The Federal Reserve Board has fined Maryland-based EagleBank $9.5m for violating the board’s insider lending regulation.
It claims that the bank ‘improperly extended credit to entities owned or controlled by its then-CEO and chairman Ronald D. Paul.’
The Board states that it found EagleBank had deficient internal controls over insider lending practices between 2015 and 2018. This allowed the bank to extend credit totalling nearly $100m to entities Paul owned or controlled, including certain family trusts, without making appropriate disclosures to, or obtaining required approvals from, a majority of the bank’s board of directors.
These internal deficiencies also extended to the bank’s supervision of lending staff, it claimed, who permitted Paul to participate in matters where he had a conflict of interest.

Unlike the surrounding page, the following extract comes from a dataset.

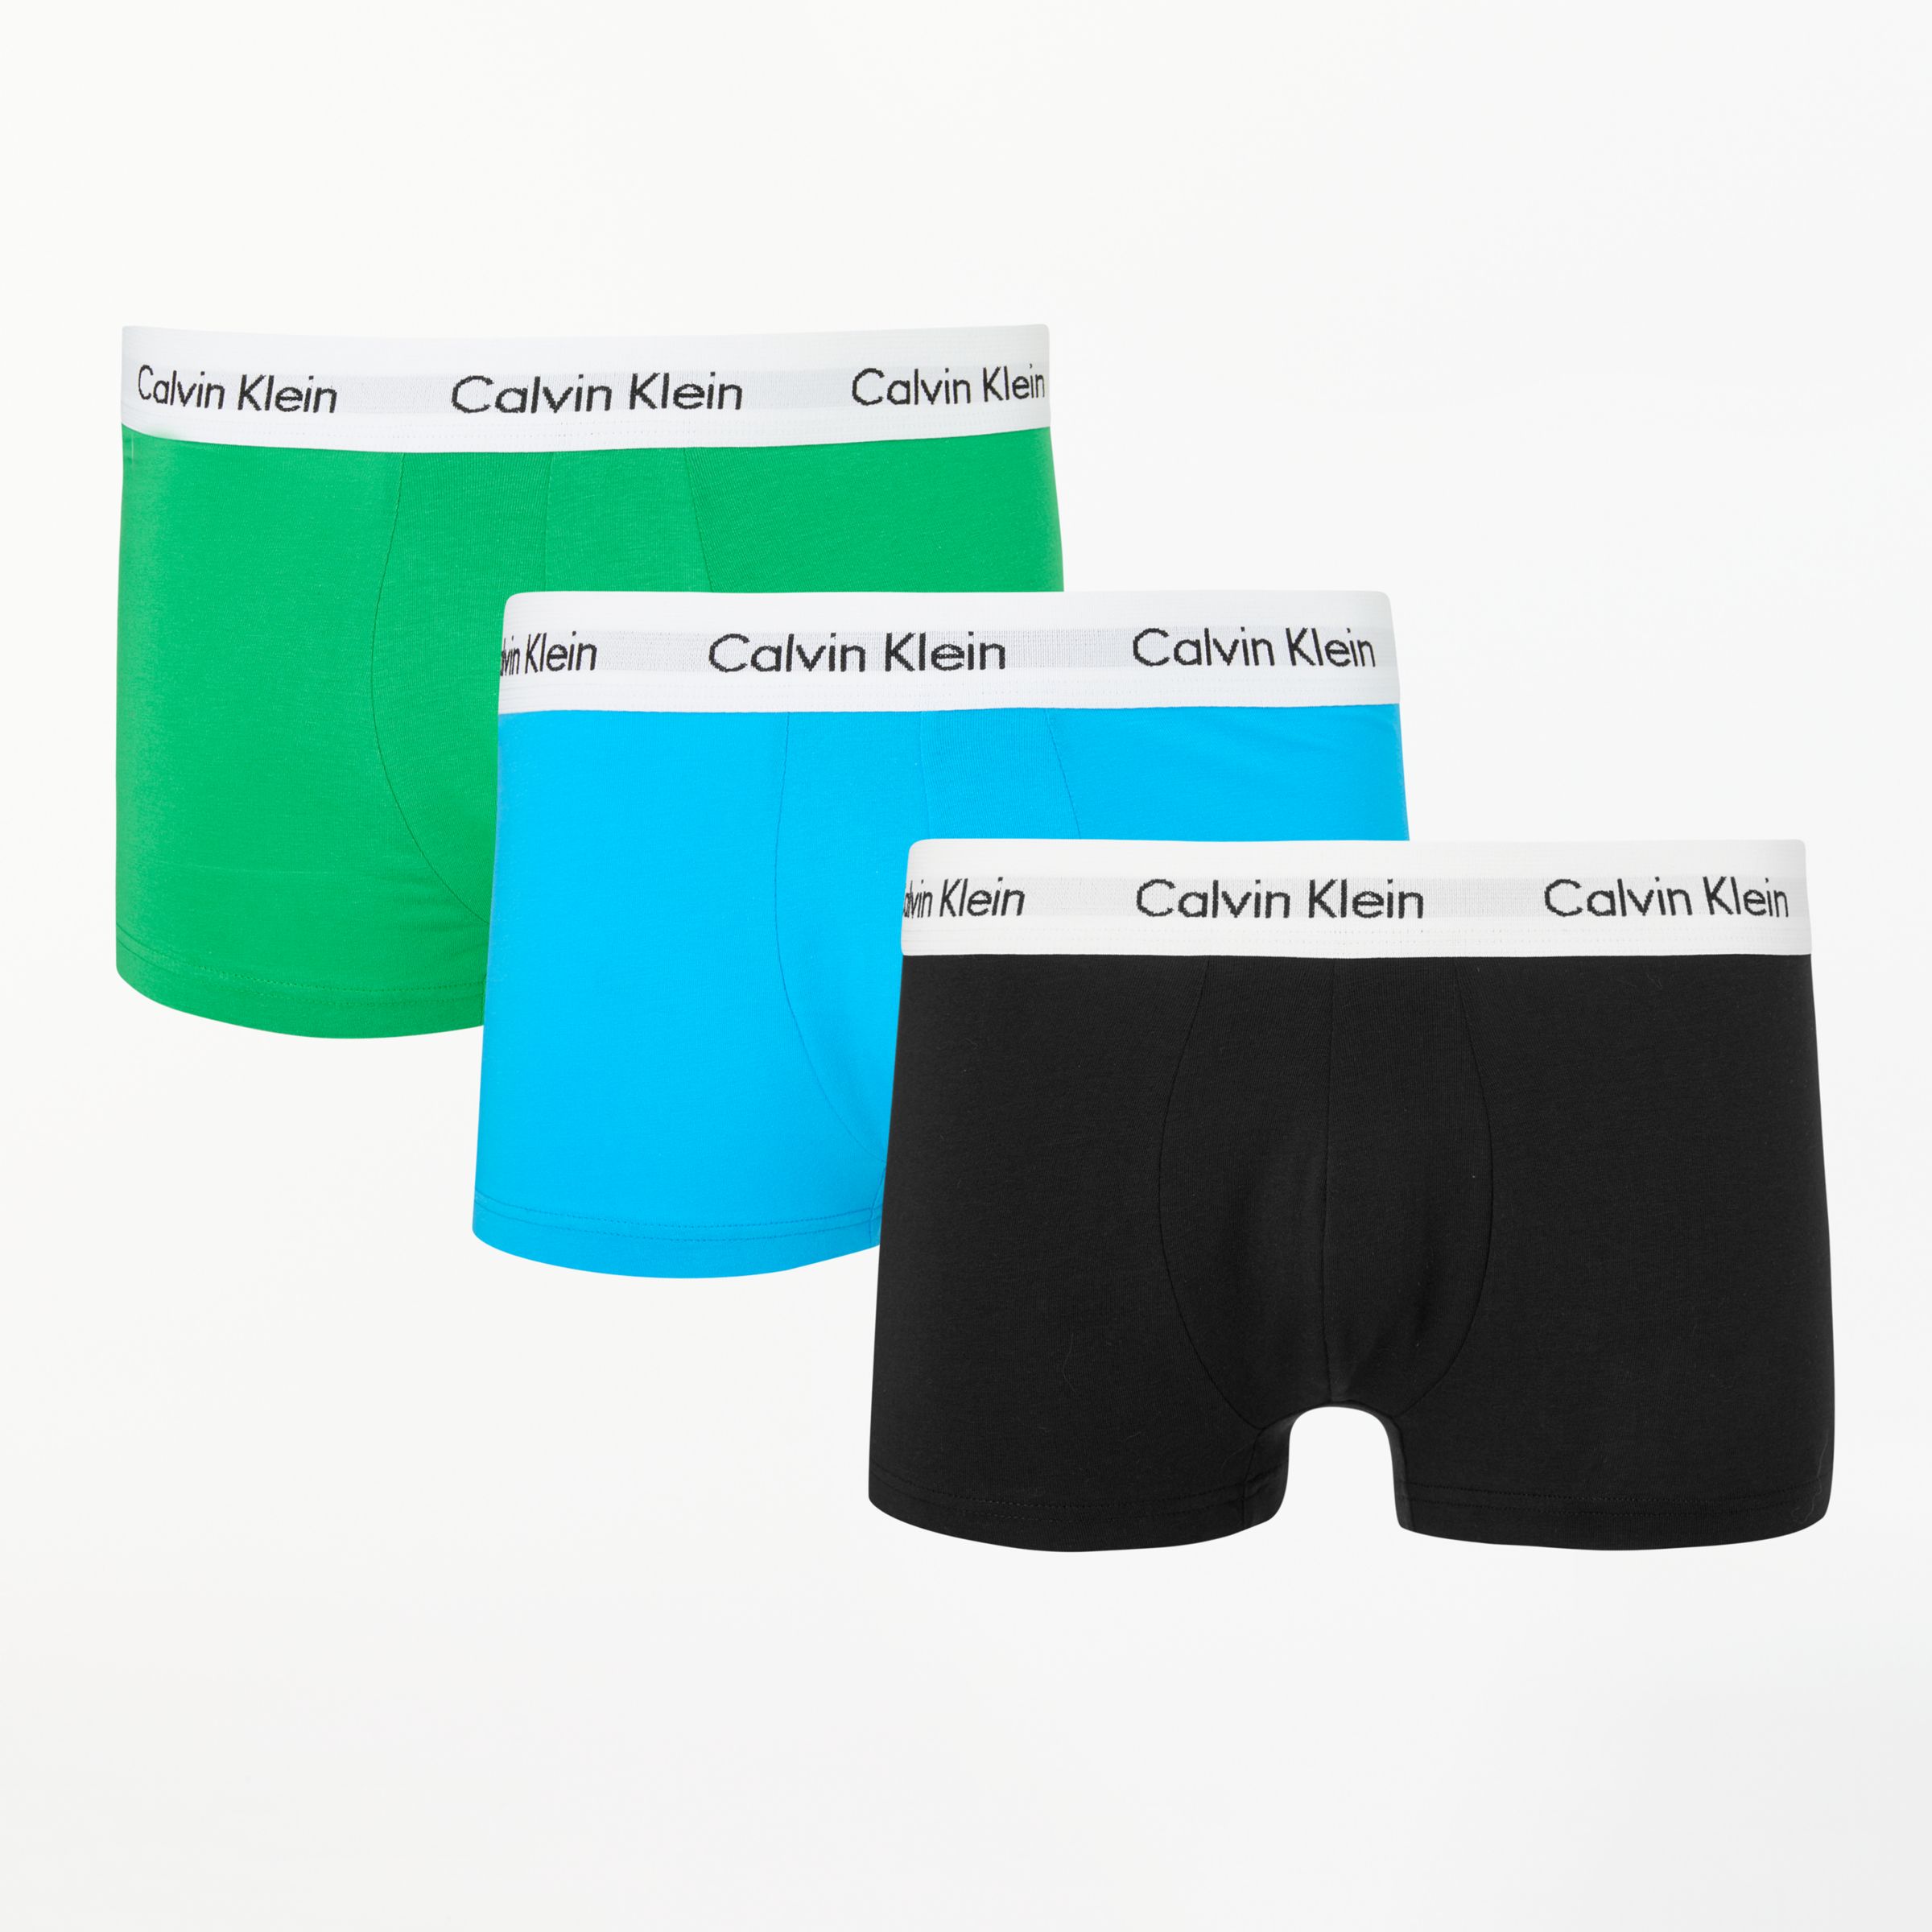 Calvin Klein Underwear Low Rise Trunks, Pack of 3, Green/Blue/Black

The Board also cited EagleBank for third-party risk management deficiencies over the same period that resulted in inadequate oversight of contracts between the bank and a local government official.
In addition to this, the Board announced that it has permanently barred Paul from employment in the banking industry and assessed a $90,000 fine against him for his central role in the bank’s violations of law and unsafe and unsound practices.
In line with these actions, the US Securities and Exchange Commission has announced its own settlement of actions against Paul and EagleBank’s holding company, Eagle Bancorp. In total the bank and holding company will pay around $22.9m and Paul will pay around $521,00 to settle agency actions.
The board had previously barred EagleBank’s former general counsel Laurence E. Bensignor from for his role in Eaglebank’s unsafe and unsound lending practices.
Earlier in the week, the US Federal Reserve Board issued the final guidelines that establish a transparent, risk-based and consistent set of factors for Reserve Banks to use when reviewing requests to access Federal Reserve accounts and payment services.